A study by Moroni et al. (2015) highlighted that the LDPE and PET samples peak at wavelength greater than 1100 nm, the feature importance algorithm applied in this study highlighted different ranges of wavelength importance for the machine learning algorithms to learn. Generally, for PET and ABS, the important features are around the 300 nm range while for LDPE it is around the 300 nm and 700 nm ranges. This indicates although LDPE and PET samples peak and better recognized in wavelength greater than 1100 nm, these wavelengths are not necessarily important for the ML algorithm model development.

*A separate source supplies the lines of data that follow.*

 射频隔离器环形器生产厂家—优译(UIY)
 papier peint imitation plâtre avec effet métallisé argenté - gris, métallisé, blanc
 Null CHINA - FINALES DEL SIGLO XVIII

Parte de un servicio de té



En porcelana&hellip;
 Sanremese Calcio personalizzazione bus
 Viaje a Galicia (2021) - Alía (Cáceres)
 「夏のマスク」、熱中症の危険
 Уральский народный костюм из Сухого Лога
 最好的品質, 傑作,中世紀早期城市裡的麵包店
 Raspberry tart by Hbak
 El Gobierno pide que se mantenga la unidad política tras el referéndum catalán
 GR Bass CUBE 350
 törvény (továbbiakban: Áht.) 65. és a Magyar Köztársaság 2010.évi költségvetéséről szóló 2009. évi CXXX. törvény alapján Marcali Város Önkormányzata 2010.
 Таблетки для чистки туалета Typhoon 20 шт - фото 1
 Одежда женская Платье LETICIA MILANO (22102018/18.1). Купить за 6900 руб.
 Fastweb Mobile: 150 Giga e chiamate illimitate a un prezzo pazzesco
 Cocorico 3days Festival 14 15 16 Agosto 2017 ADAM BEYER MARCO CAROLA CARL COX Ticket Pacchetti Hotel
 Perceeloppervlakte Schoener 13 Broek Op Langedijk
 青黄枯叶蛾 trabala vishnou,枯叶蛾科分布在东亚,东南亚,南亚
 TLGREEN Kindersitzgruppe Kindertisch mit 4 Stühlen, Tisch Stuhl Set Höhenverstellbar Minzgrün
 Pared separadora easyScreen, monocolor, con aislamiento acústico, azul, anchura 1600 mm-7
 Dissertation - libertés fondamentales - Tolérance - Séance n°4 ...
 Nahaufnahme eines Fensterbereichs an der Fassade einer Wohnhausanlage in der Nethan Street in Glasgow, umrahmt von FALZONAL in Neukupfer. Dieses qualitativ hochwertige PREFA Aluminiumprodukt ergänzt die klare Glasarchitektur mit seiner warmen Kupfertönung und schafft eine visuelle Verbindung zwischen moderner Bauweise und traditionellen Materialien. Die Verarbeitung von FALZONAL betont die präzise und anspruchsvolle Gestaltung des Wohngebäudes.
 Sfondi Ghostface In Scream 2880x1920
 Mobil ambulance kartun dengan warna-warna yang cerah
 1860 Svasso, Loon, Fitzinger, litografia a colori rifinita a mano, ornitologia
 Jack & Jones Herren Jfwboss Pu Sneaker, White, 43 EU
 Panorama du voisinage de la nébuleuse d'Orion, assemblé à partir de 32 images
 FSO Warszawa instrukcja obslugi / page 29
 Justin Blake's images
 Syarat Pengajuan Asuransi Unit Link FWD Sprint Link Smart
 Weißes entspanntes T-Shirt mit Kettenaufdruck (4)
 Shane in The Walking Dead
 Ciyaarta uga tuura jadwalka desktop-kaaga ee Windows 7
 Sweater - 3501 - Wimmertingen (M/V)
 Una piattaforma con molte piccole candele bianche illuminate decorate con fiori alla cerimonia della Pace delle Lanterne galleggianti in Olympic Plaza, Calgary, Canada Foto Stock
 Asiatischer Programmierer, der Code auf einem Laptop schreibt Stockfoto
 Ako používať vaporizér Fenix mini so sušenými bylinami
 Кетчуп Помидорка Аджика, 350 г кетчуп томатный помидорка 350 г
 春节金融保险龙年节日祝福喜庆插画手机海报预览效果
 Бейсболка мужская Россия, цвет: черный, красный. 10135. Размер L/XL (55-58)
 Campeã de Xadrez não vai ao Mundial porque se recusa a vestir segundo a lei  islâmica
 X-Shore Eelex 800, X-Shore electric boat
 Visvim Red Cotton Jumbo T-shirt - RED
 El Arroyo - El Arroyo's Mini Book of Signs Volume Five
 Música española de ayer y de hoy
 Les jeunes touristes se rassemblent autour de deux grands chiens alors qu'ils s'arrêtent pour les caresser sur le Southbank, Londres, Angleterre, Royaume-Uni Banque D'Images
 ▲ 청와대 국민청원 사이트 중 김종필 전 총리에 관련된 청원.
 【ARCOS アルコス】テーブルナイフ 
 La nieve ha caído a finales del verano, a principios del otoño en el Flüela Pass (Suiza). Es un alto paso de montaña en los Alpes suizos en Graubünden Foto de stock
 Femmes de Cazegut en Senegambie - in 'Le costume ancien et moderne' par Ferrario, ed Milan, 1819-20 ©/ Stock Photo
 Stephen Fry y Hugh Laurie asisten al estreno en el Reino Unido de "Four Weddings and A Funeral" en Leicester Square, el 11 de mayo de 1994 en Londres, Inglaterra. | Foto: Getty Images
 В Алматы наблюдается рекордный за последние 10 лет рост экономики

To the best of our knowledge, there are no known studies using ML-based techniques for MPs detection and quantification in soil using vis-NIR data. The closest related study by Corradini et al. (2019) reported the application of multilinear regression by regressing the known MPs concentration with absorbance readings at 350 nm – 2500 nm for LDPE and PET samples. In Corradini et al. (2019), a Bayesian approach was applied to determine the most probable linear regression model. From the same study, the R²values reported were 0.95 and 0.87 respectively in comparison to 0.83 and 0.66 obtained from this study for LDPE and PET respectively. Although the R²values from Corradini et al. (2019) show better regression models, the detection limit was only at 10 g kg-1 (1% w/w). Meanwhile, our study exhibits higher detection limit of up to 15% w/w of MPs concentration, particularly for LDPE and ABS samples where the R² values are the highest (R²>0.80). Considering MPs contamination in soil samples are typically beyond 1% w/w detection limit (Ng, Minasny & McBratney 2020), there is a potential of using vis-NIR and ML linear regression technique for the detection of higher concentration of MPs in soil sediment.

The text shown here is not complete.